TRUMP: Oh no, George Washington was a slave owner. Was George Washington a slave owner? So will George Washington now lose his status? Are we going to take down – excuse me. Are we going to take down, are we going to take down statues to George Washington? How about Thomas Jefferson? What do you think of Thomas Jefferson? You like him? Okay, good. Are we going to take down his statue? He was a major slave owner. Are we going to take down his statue? You know what? It’s fine, you’re changing history, you’re changing culture, and you had people – and I’m not talking about the neo-Nazis and the white nationalists, because they should be condemned totally – but you had many people in that group other than neo-Nazis and white nationalists, okay? And the press has treated them absolutely unfairly.
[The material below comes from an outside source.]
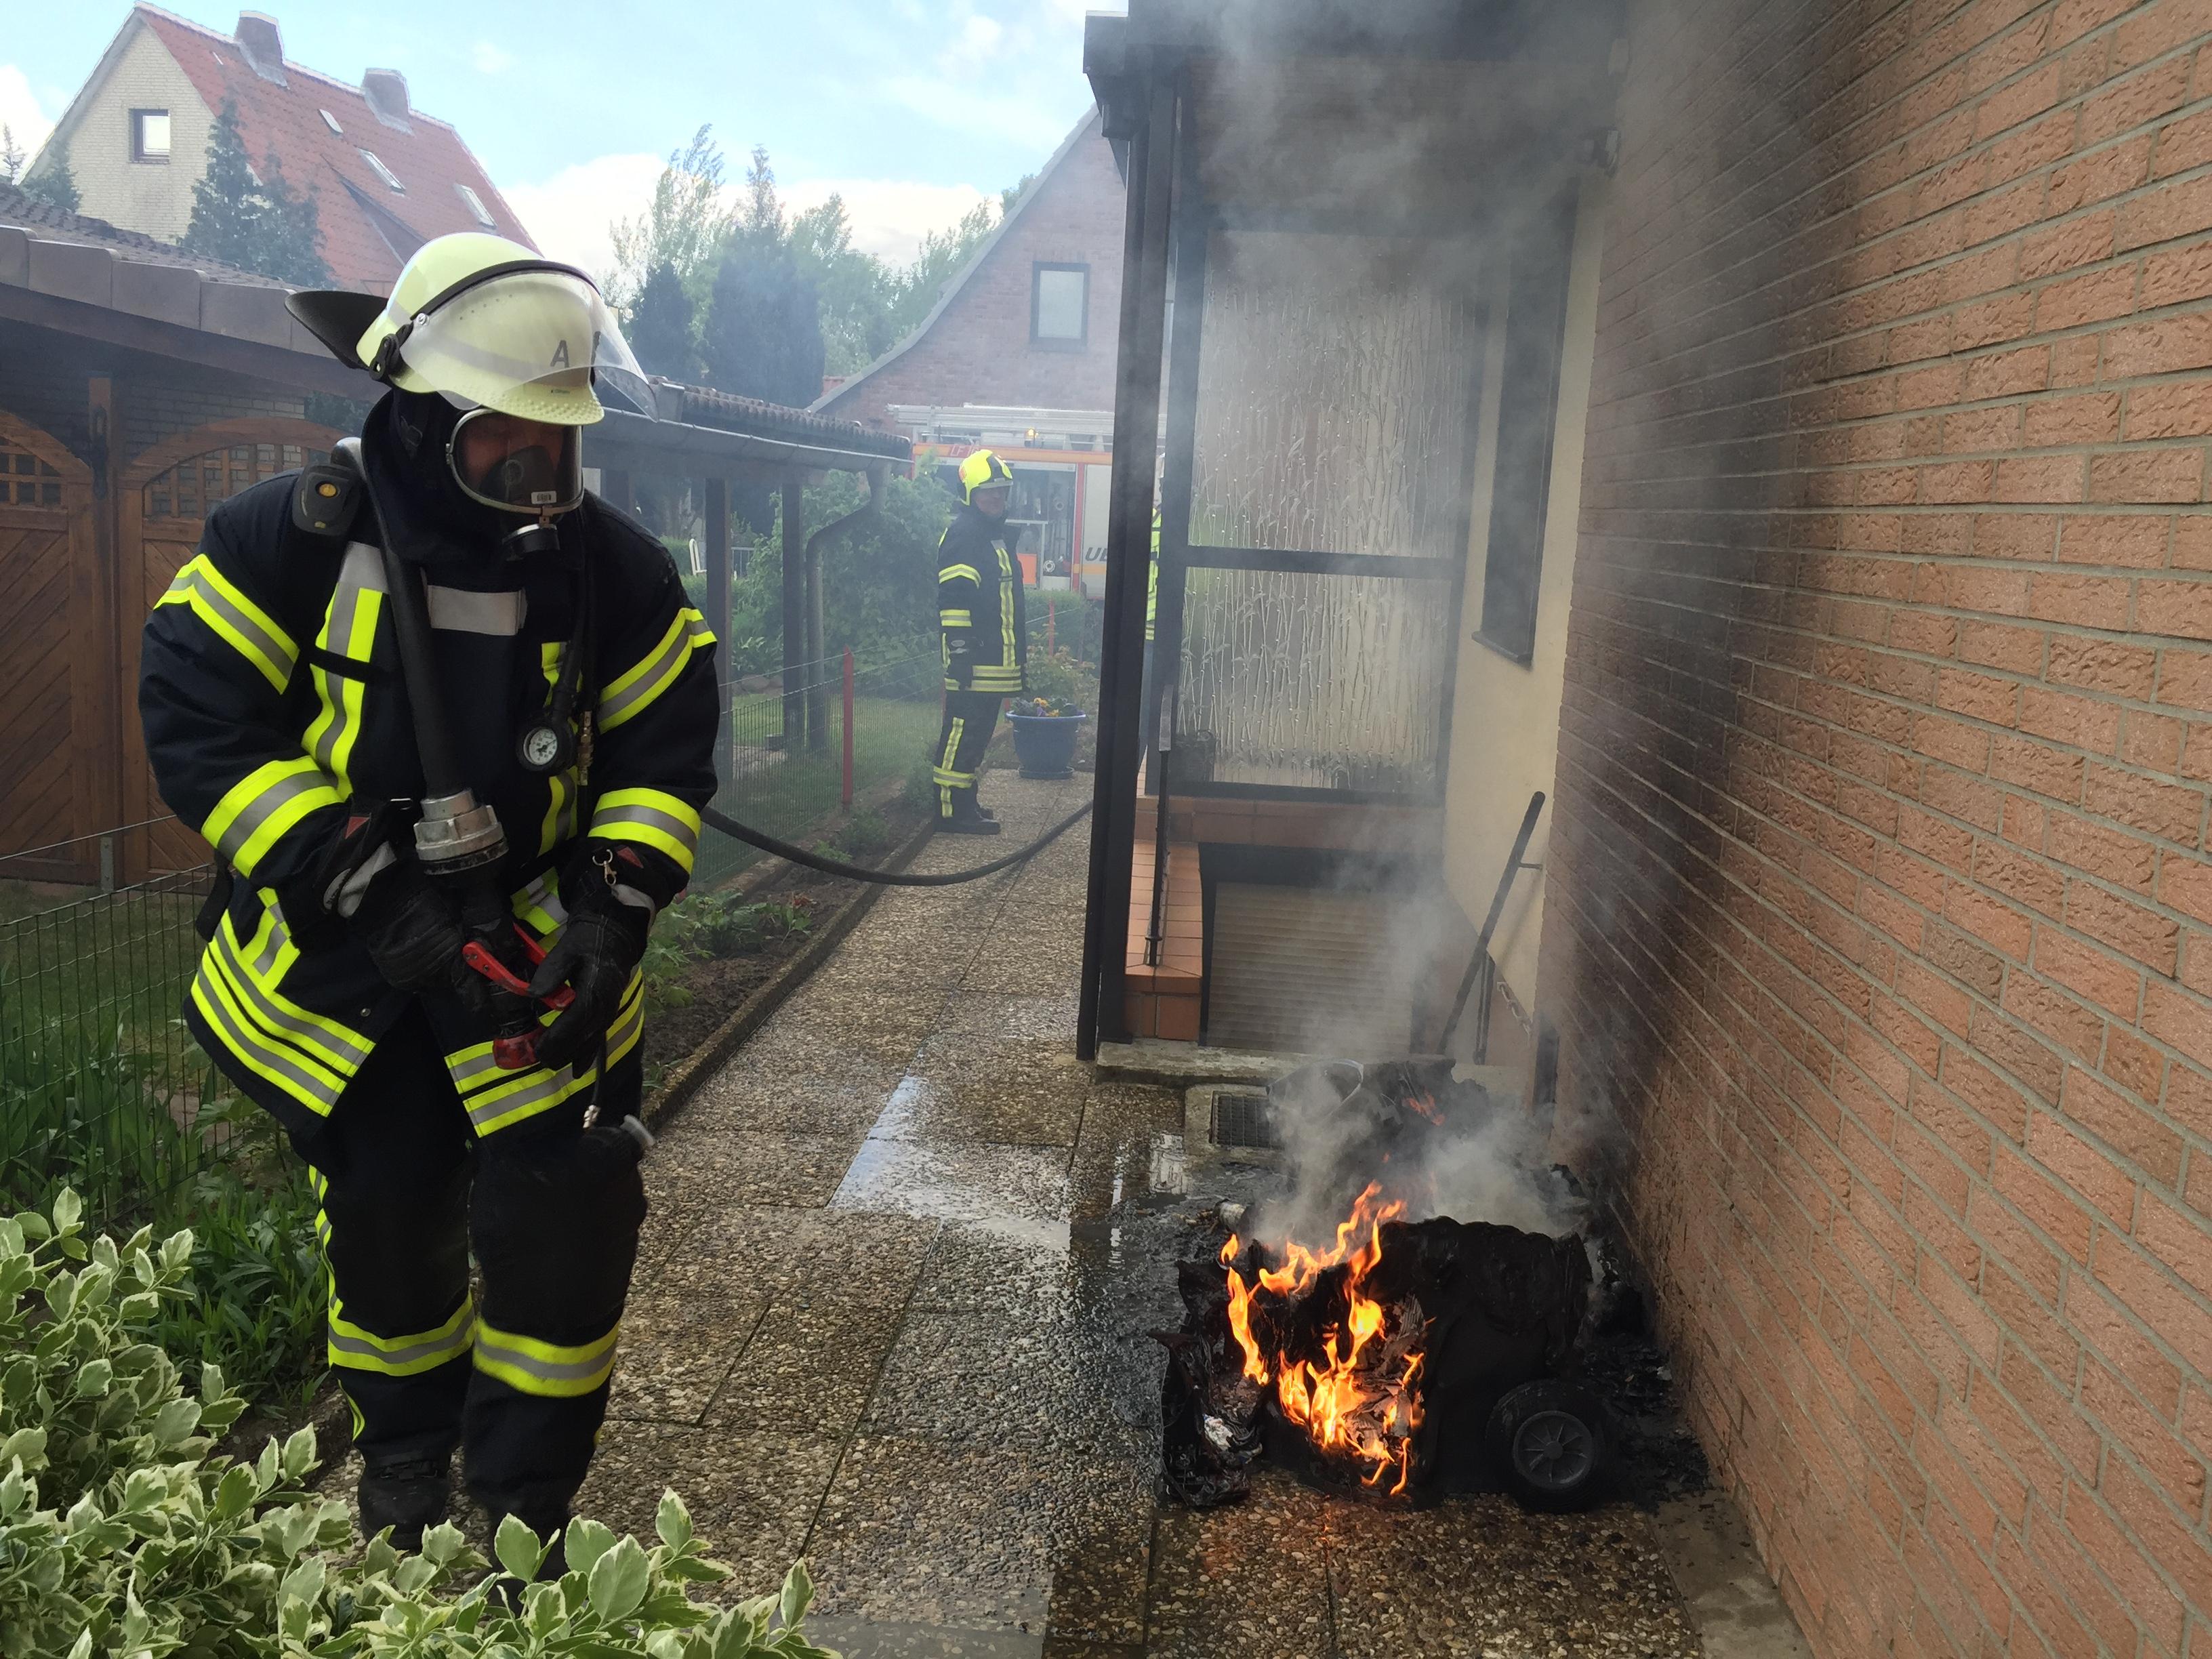 099. Brennen Mülltonnen am Wohnhaus

Now, in the other group also, you had some fine people, but you also had troublemakers and you see them come with the black outfits and with the helmets and with the baseball bats – you had a lot of bad people in the other group too. …

[Biden] apparently planned to launch his campaign directly in Charlottesville this week, but local leaders objected because “some residents [were] unhappy about the scene a tragedy the city would prefer to forget being used as a campaign launch backdrop” …

It is unclear why Biden chose to run on a divisive racial hoax, even one that remains dogma among many on the left. Biden may feel vulnerable in a Democratic Party now dominated by identity politics. Indeed, the Associated Press reported Thursday that some “women of color” were “frustrated” by his candidacy.

So would this corrupt, traitorous, dishonest man, this candidate out of a past era

Oh, yes, it must be mentioned too that he is also an assaulting groper and hugger, according to recent reports …

… be a good choice for president of the United States?